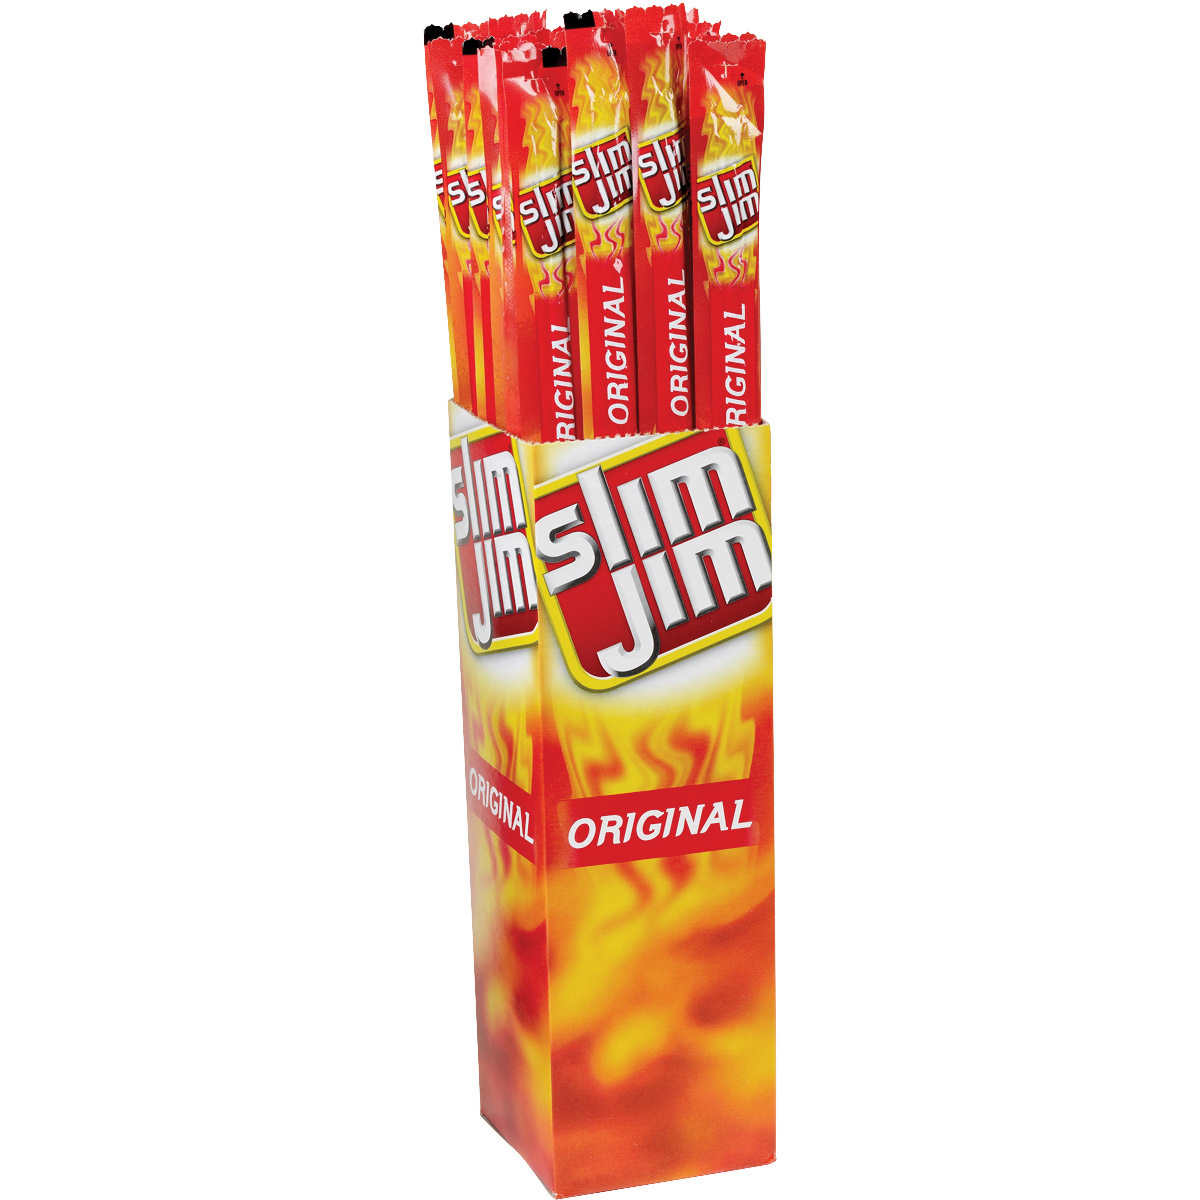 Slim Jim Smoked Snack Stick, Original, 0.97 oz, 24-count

* * *

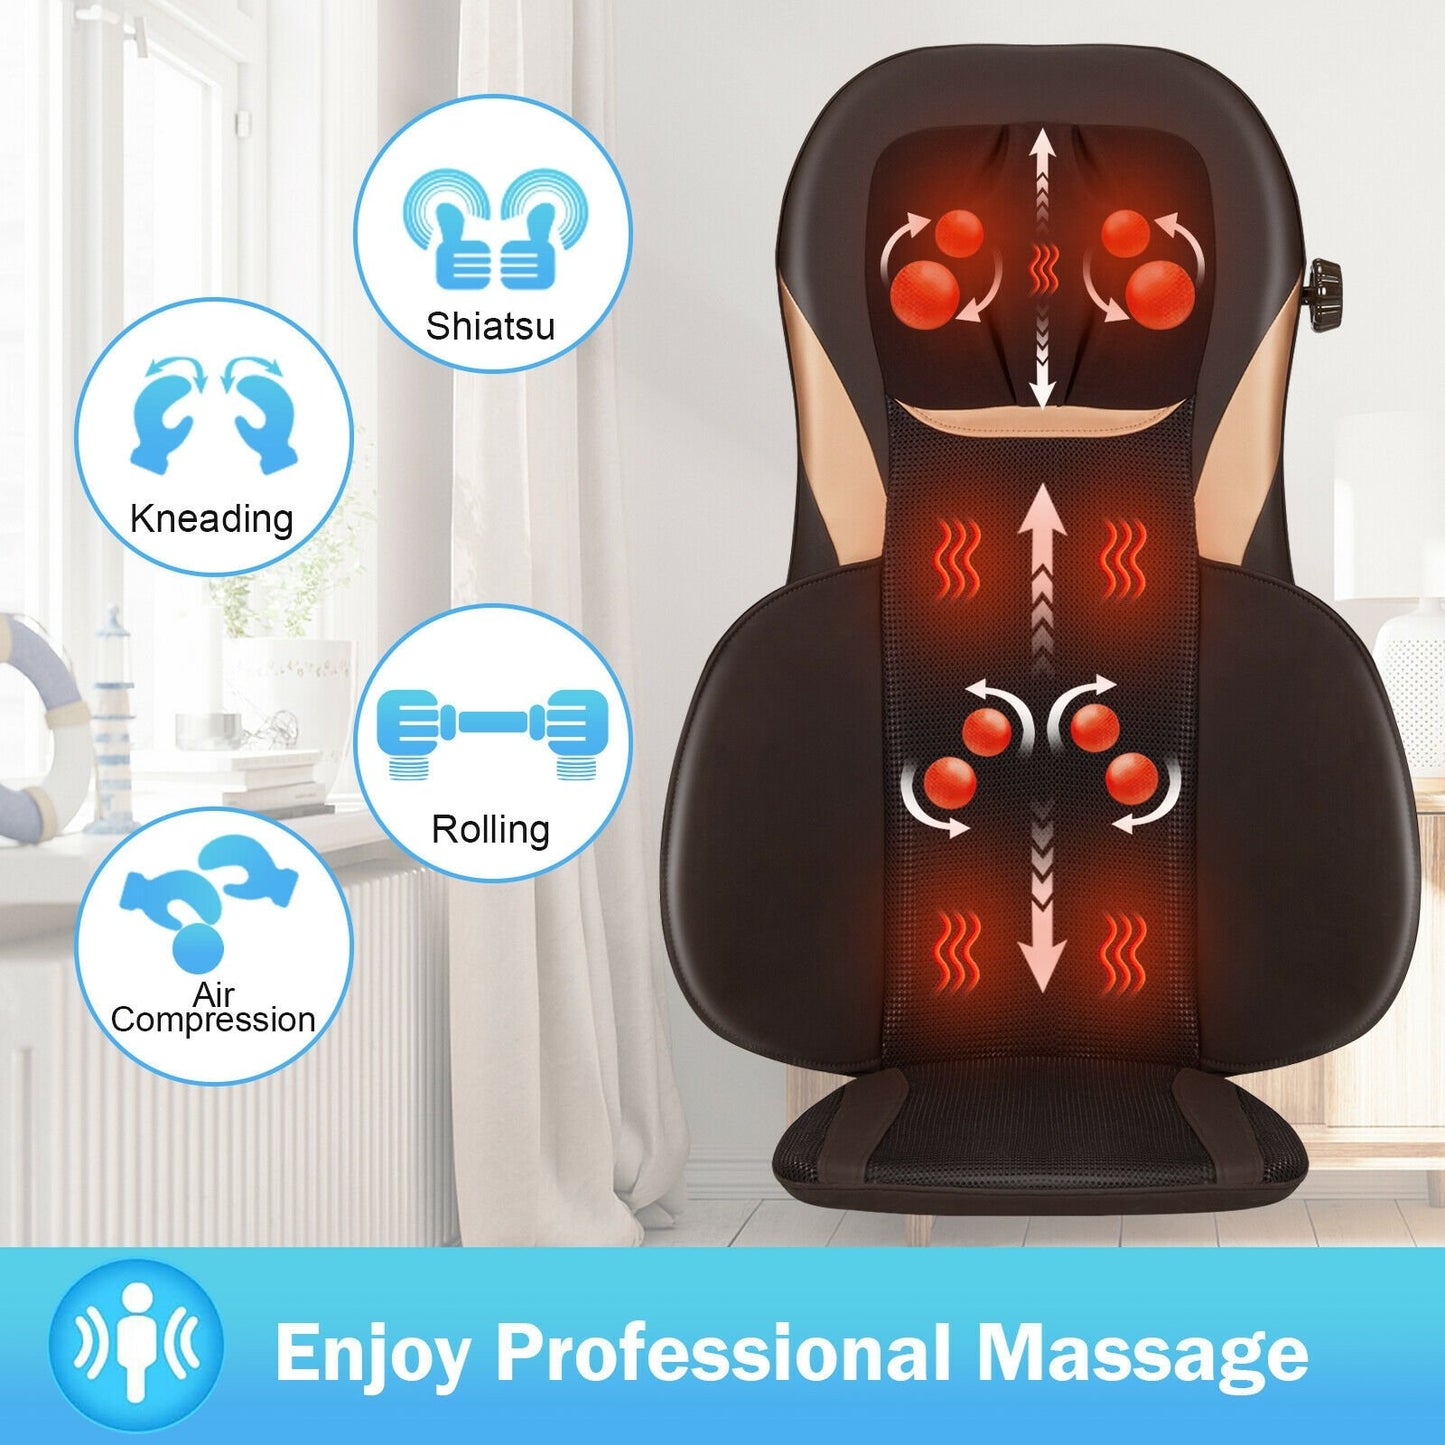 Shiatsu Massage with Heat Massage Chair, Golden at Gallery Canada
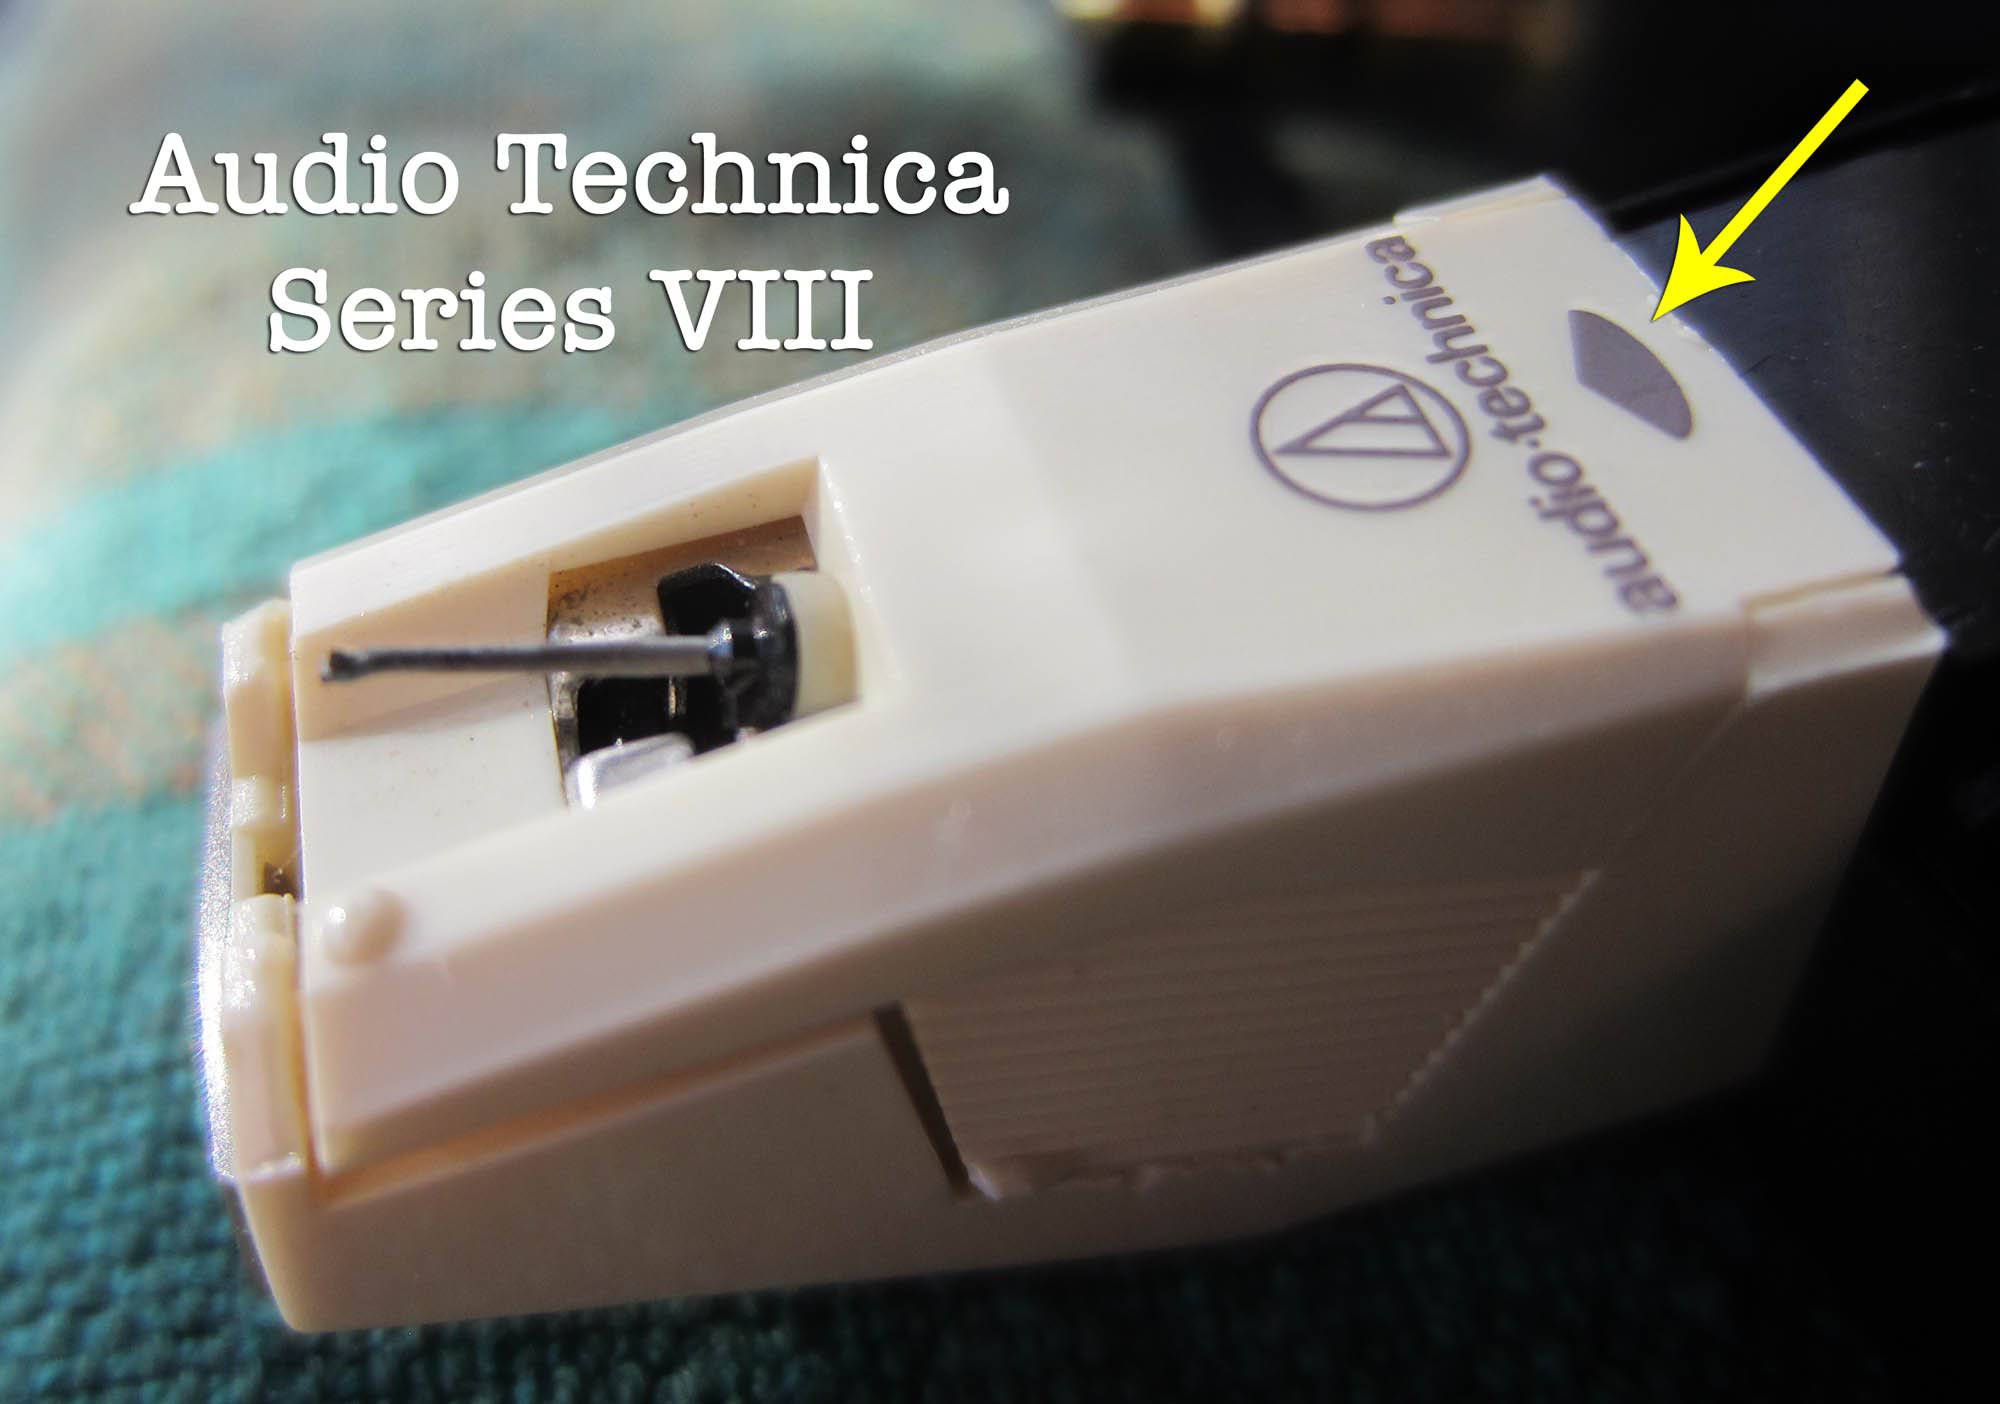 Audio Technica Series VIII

_Work to be completed_
Above are some entries. Restate word for word the lines from the one holding "Shiatsu Massage with" through the one holding "Audio Technica Series VIII", but not the pictures.

_Your response_
 Shiatsu Massage with Heat Massage Chair, Golden at Gallery Canada
 Audio Technica Series VIII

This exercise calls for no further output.